Disturbing accounts and evidence of Rohingya women tied to trees and raped by Myanmar’s military forces as well as men shoved into mass graves and set on fire have been turned over to the International Criminal Court (ICC) for potential probe of the atrocities.
The evidence was submitted to the court by a coalition of Bangladeshi organizations as the ICC prosecutors are pressing to conduct an investigation into broad allegations of forced deportation of the minority Muslim population from Myanmar, where the international body has no jurisdiction, The Guardian daily reported on Saturday.
The evidence includes the story of 10-year-old Marwa, “whose family was shot dead before she, along with a group of other young girls from her village, was taken to a nearby school where they were repeatedly gang-raped.”
The exclusive report cited a document turned over to the ICC by the Asian Legal Resource Centre (ALRC) and its partner Odhikar.
Another document submitted to the ICC recounts the ordeals of a 20-year-old woman identified as Khurshida, “who described how she was held captive with several other Rohingya women, before being stripped, tied to trees and raped for days.”
She eventually lost consciousness and was “dumped outside the camp by soldiers who assumed she was dead,” the report said.
The case of the 25-year-old Sakila “who hid as her family were locked inside a house that was set alight by soldiers” as well as that of 31-year-old Nur Jahan “who was raped violently and repeatedly in front of her seven-year-old daughter” were also among the documents given to the international court.
Bangladeshi rights groups have argued that the sexual and gender-based nature of much of the violence committed in the majority Buddhist Myanmar against the Rohingya “is fundamental to the case and that ICC action should be taken to put the perpetrators on trial.”
The legal argument for an ICC probe of the atrocities in Myanmar, the report says, is being led by prosecutor Fatou Bensouda, pointing out that this is “the first time such a case has been considered by the court.”
Myanmar likely to reject ICC’s jurisdiction While Bangladesh is a member state, giving the ICC power to investigate crimes committed there, Myanmar is not an ICC member and rejects that any ethnic cleansing has taken place against the Rohingya Muslims as widely alleged by the United Nations and international rights groups.
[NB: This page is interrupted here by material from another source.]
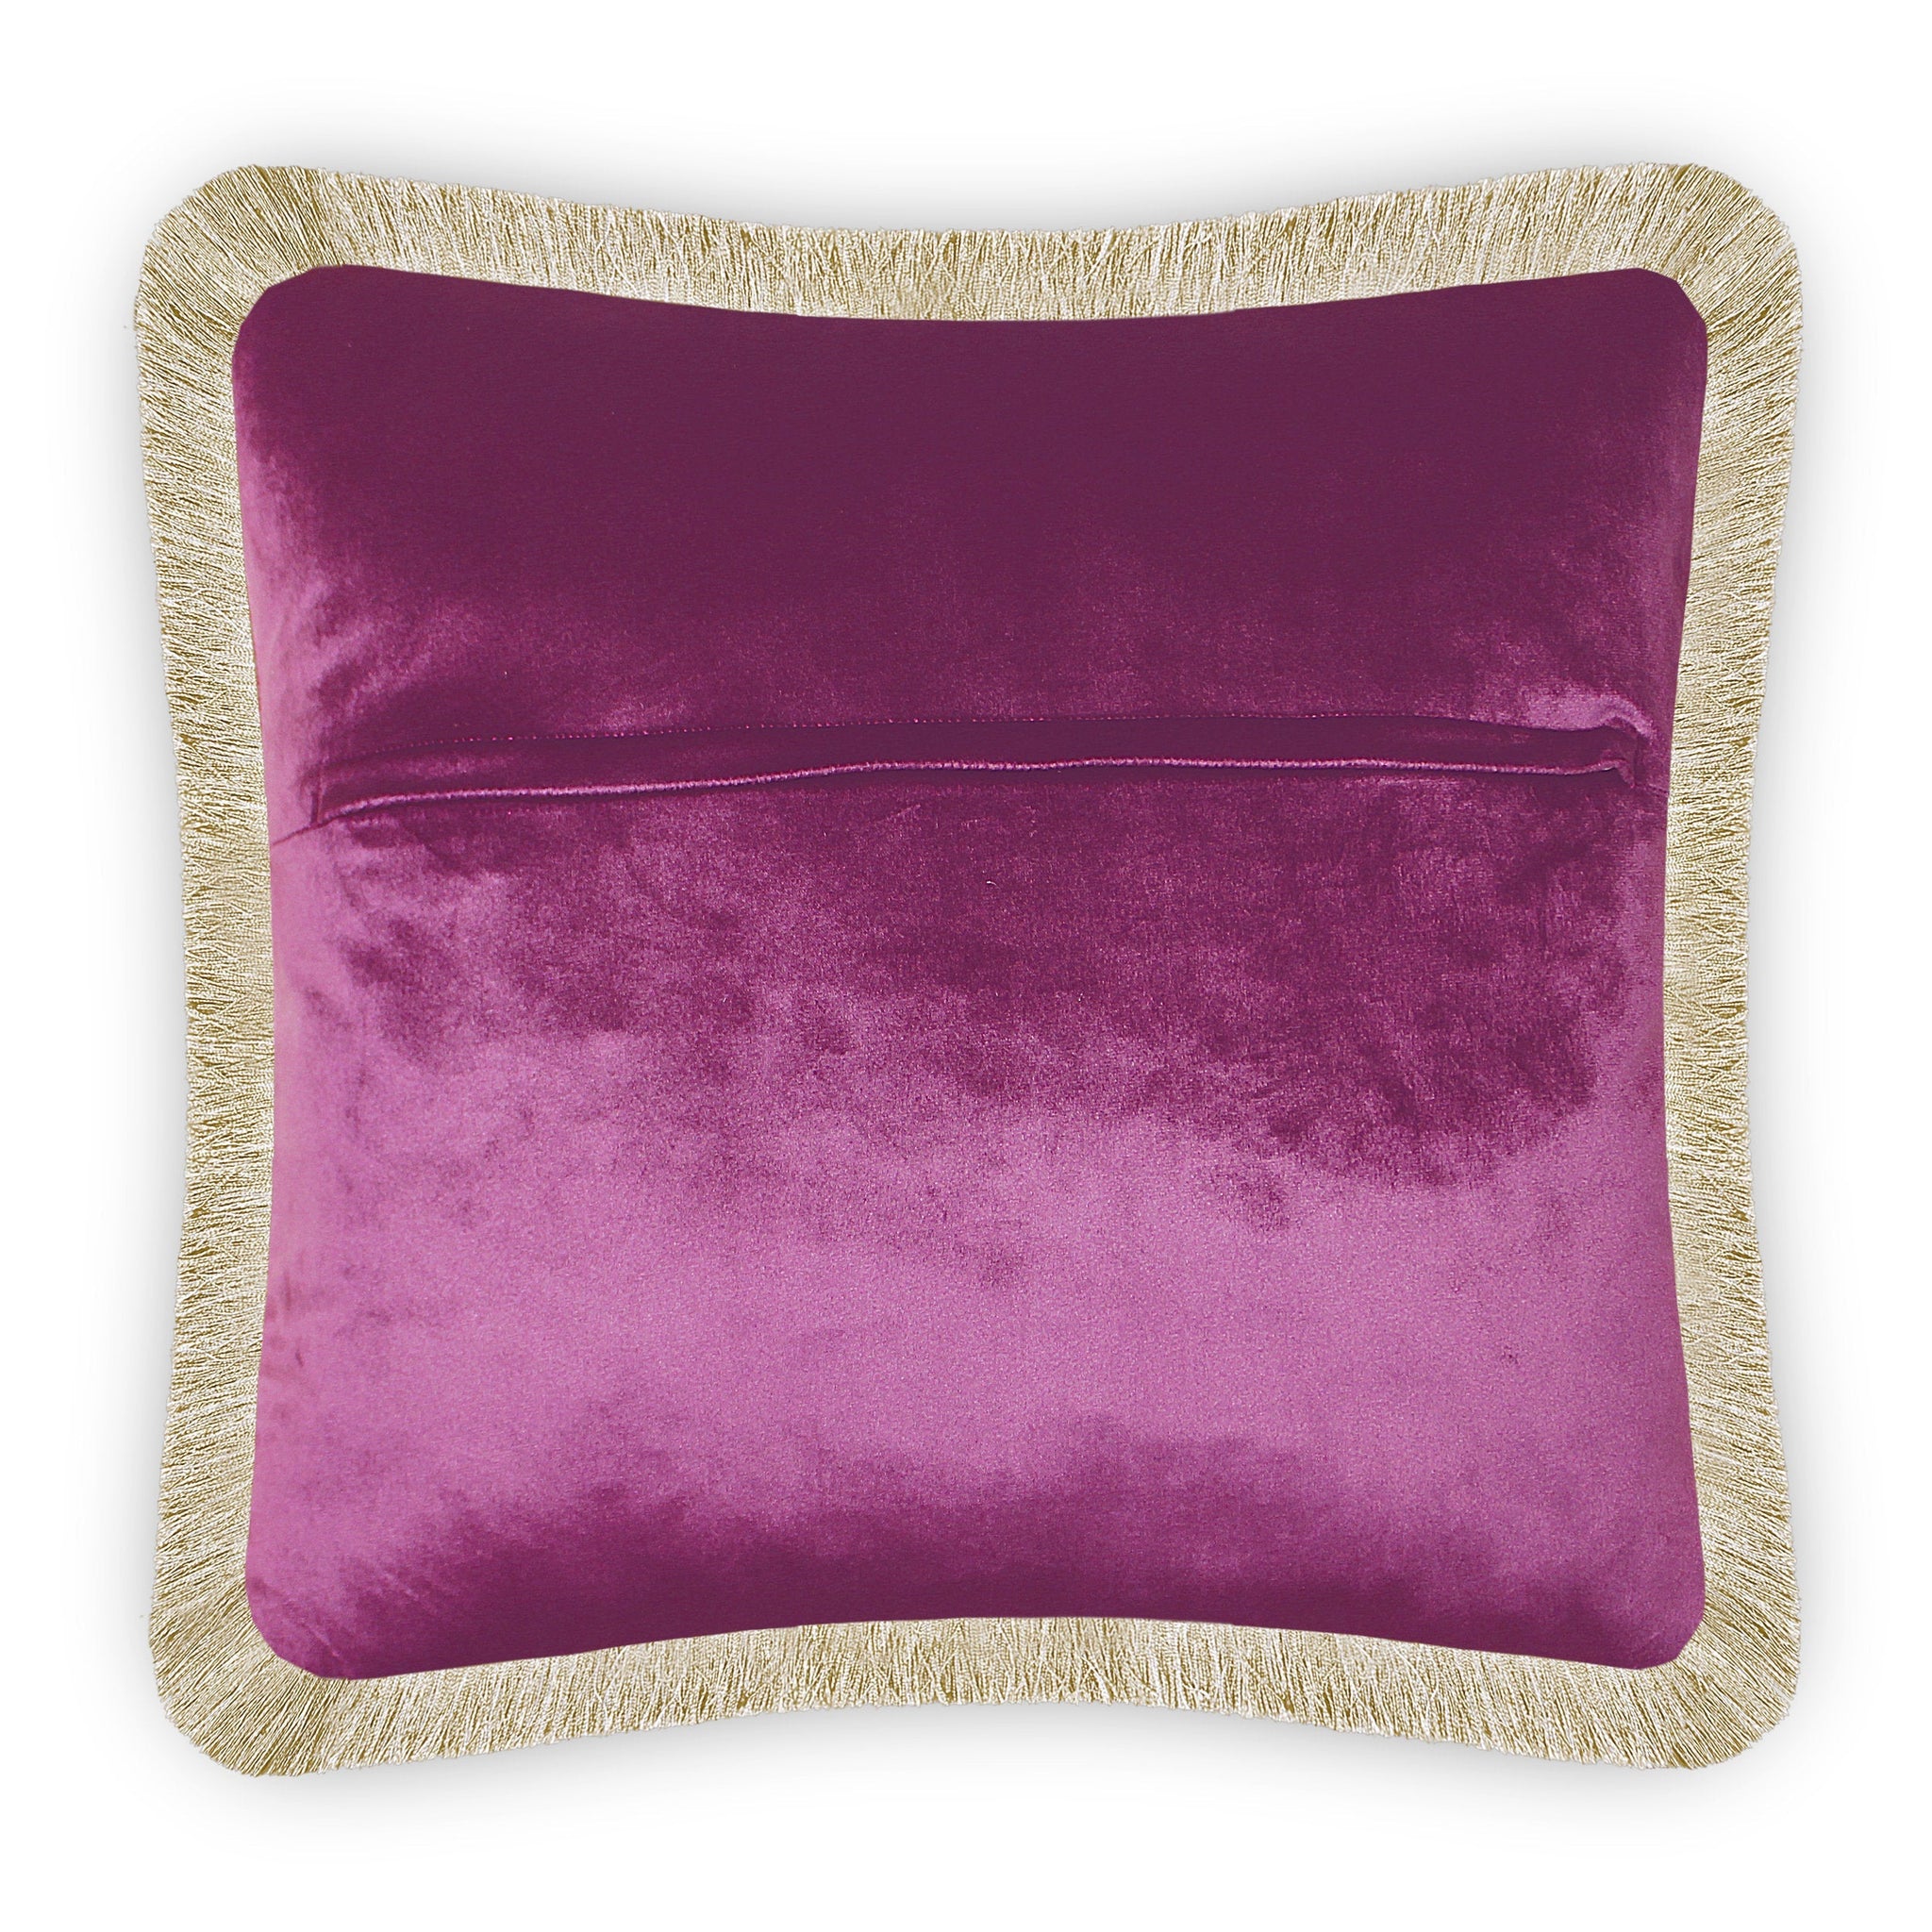  Velvet Cushion Cover Baroque Horse Decorative pillowcase Classic Motif Décor Throw Pillow for Sofa Chair Bedroom Living Room Fuchsia 45x45cm (18x18 Inches)

Bensouda argues that the cross-border nature of the forced deportation of the Rohingya into Bangladesh indicates that it could legally fall within ICC’s jurisdiction.
ICC judges met behind closed doors at The Hague this week to start their discussions on the case and the documents submitted to the court will form the key part of the basis for an investigation.
According to the report, Myanmar has until July 27 to respond to the allegations and show that the ICC does not have jurisdiction over the case of atrocities carried out against Rohingya.
Will ICC live up to its mandate?
Human rights lawyer Wayne Jordash QC said the decision of the ICC judges would have decisive implications for the Rohingya people, who have no other legal recourse under the current circumstances.
“Will the court live up to its mandate to put an end to impunity for such crimes against humanity?” he said.
More than 700,000 Rohingya Muslims have been forced to flee Myanmar since August 2017 following a brutal campaign of violence conducted by the military. The mass carnage has been described as both ethnic cleansing and “having all the hallmarks of genocide” by the UN.
Myanmar leader Suu Kyi has come under fire for doing virtually nothing to stop the crimes. Her government has also snubbed and obstructed UN officials seeking to investigate the alleged atrocities and prevented aid agencies from delivering food, water and medicines to the refugees.
A team commissioned by the UN Security Council visited Myanmar and Rakhine state in early May and met with refugees who gave detailed accounts of killings, rape and torching of villages at the hands of Myanmar’s military.
The Rohingya have lived in Myanmar for generations but are denied citizenship and are branded illegal immigrants from Bangladesh, which likewise denies them citizenship.
The UN has described the 1.1-million-strong Muslim community as the most persecuted minority in the world.